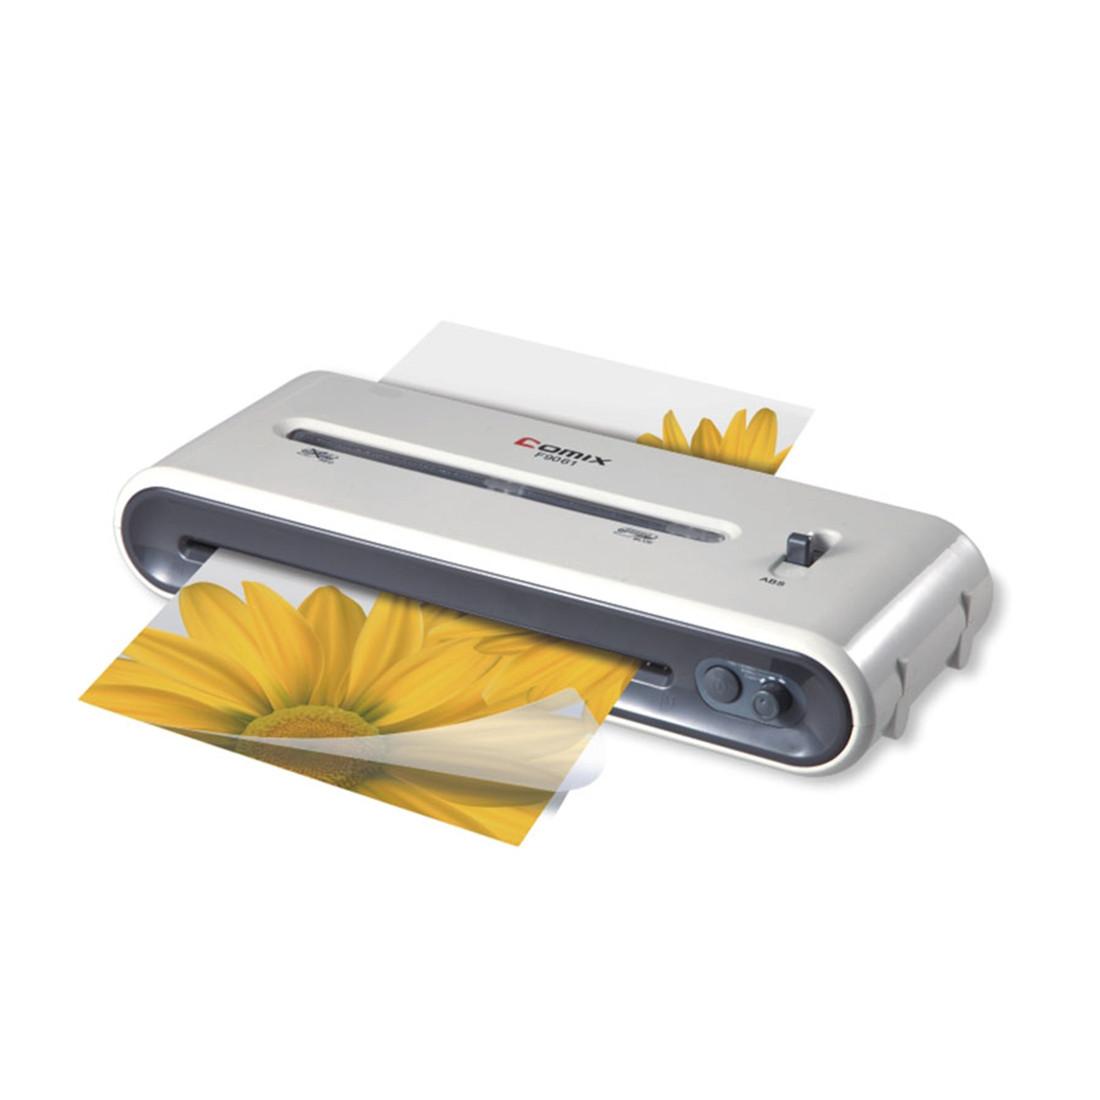 COMIX, F9061, Ламинатор А4 рекламных материалов, фотографии, грамоты, рисунки, открытки, визитки
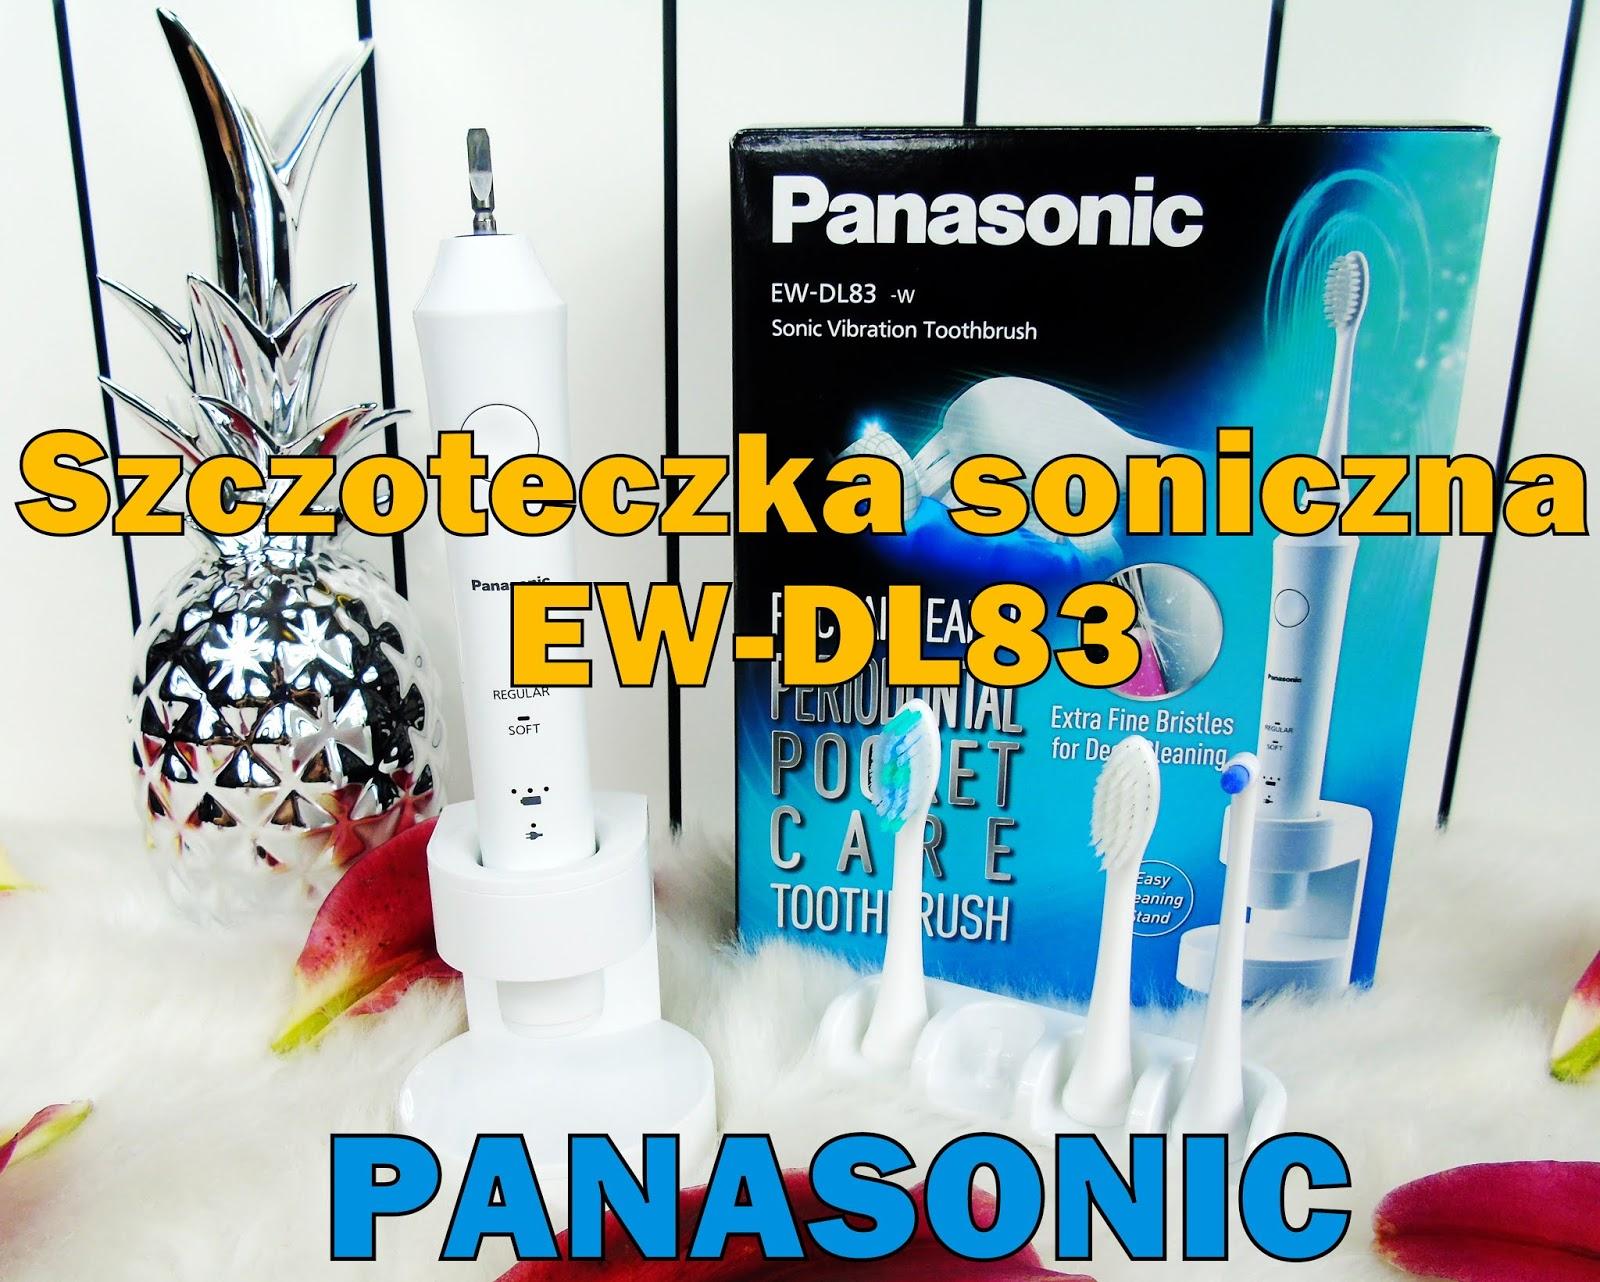 Blog testerski: Panasonic EW-DL83 - Szczoteczka z technologią soniczną, którą pokochacie!
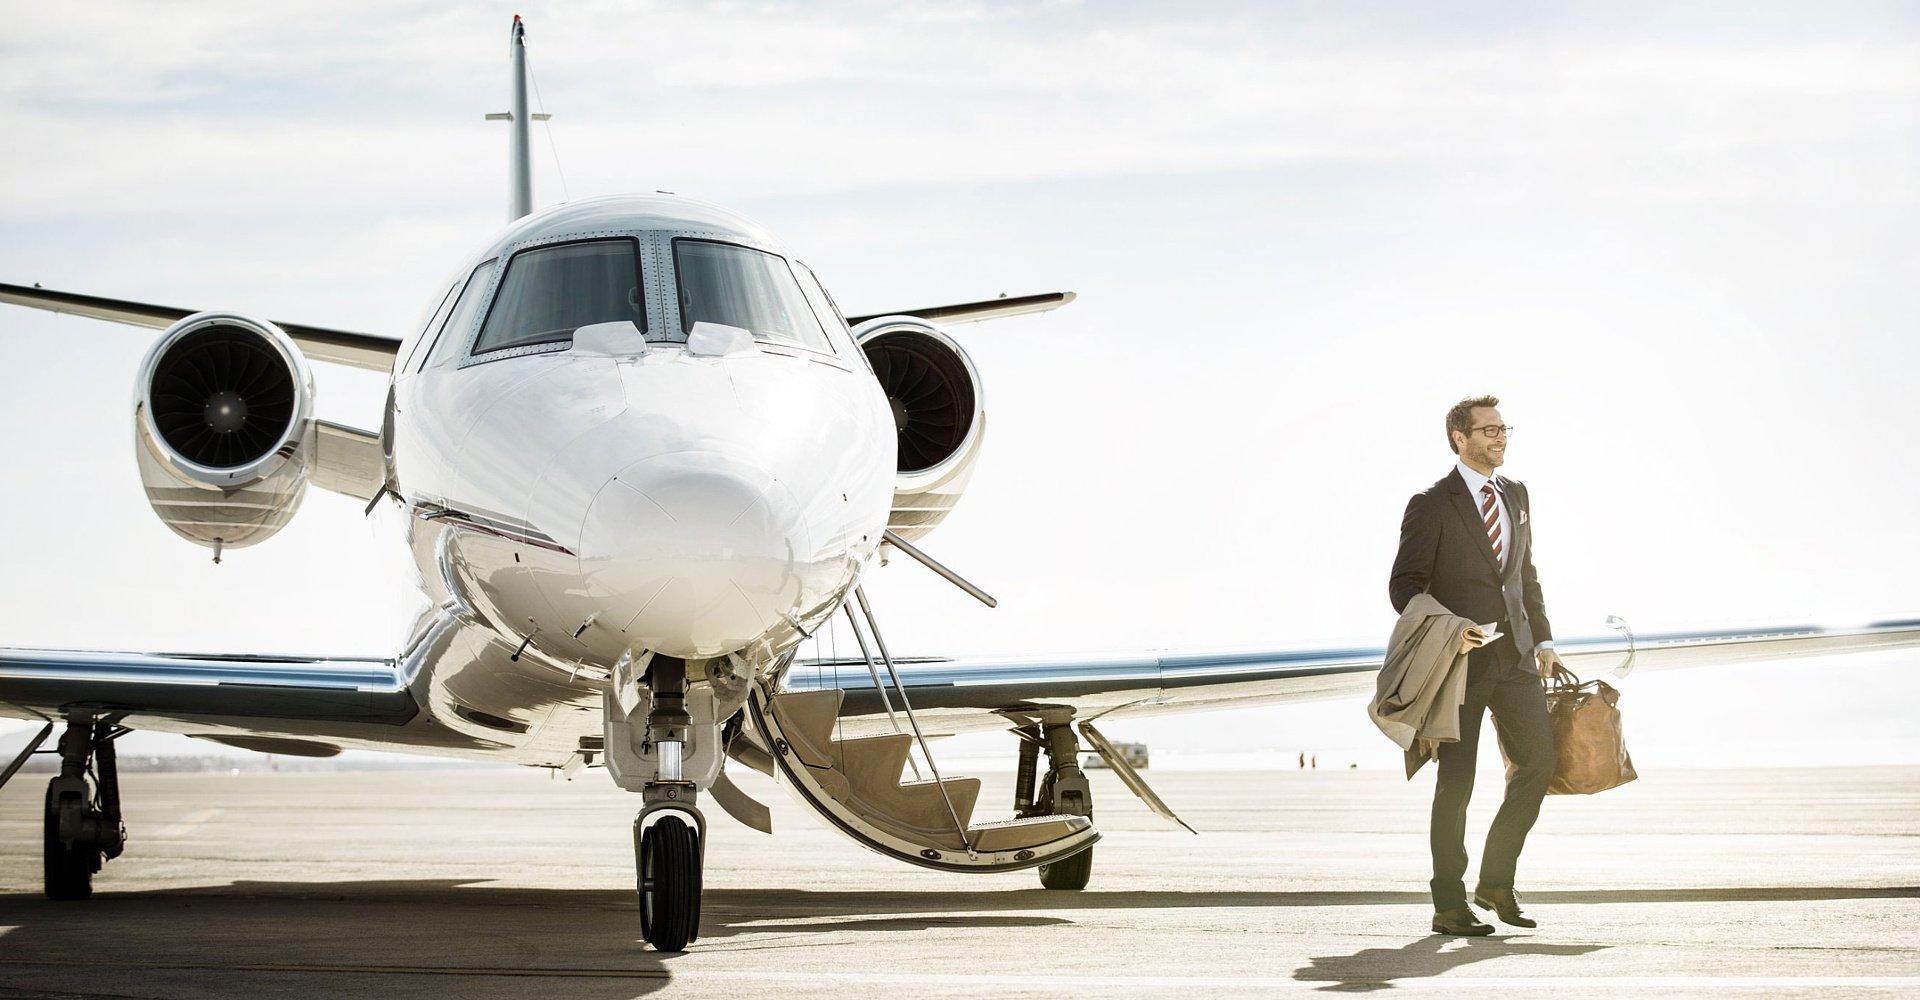 Аэропорт Чкаловский — Бизнес авиация в Москве
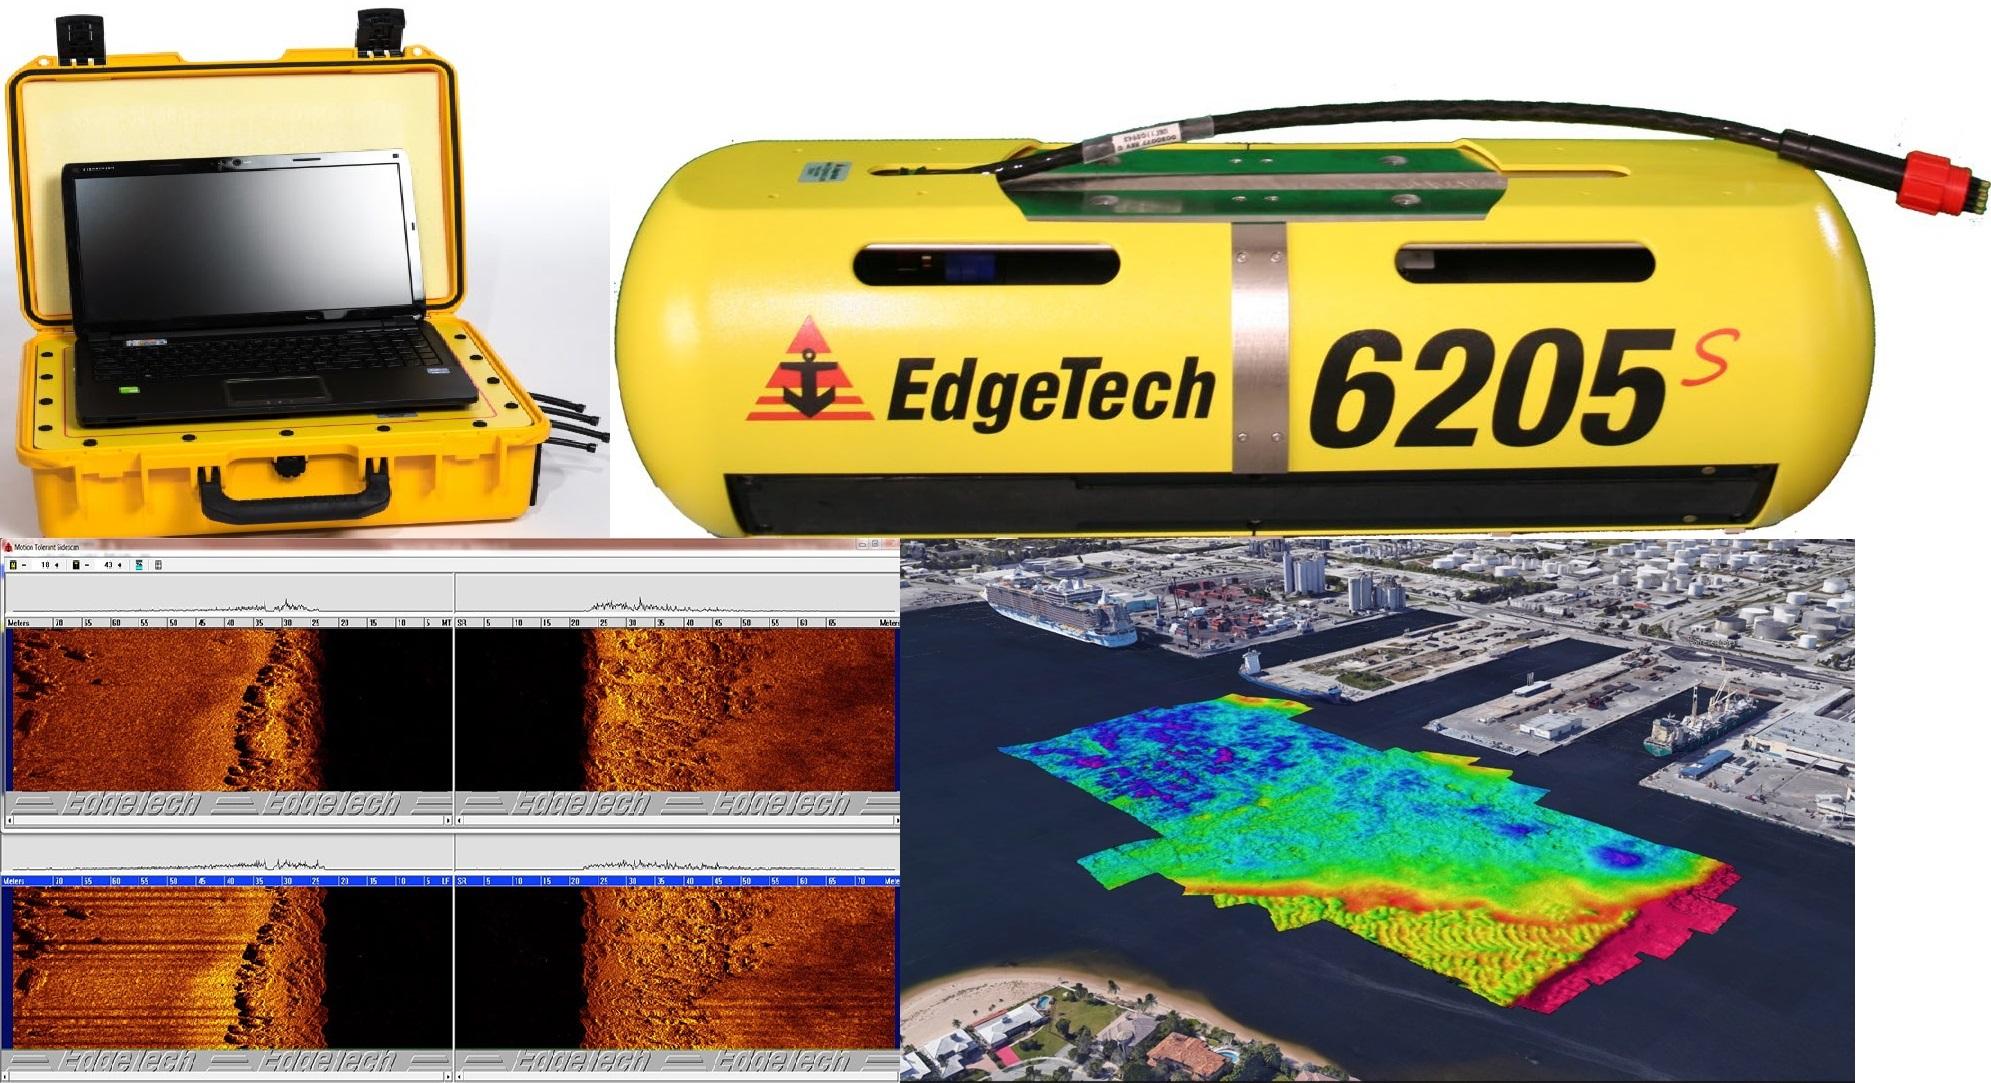 Máy đo sâu hồi âm đa tia kết hợp quét bề mặt đáy biển EDGETECH 6205s

§ Your goal:
Please reproduce only the lines from the one holding "Blog testerski: Panasonic" through the final line of the listing above, both included, with each picture left out.

§ Task result:
 Blog testerski: Panasonic EW-DL83 - Szczoteczka z technologią soniczną, którą pokochacie!
 Аэропорт Чкаловский — Бизнес авиация в Москве
 Máy đo sâu hồi âm đa tia kết hợp quét bề mặt đáy biển EDGETECH 6205s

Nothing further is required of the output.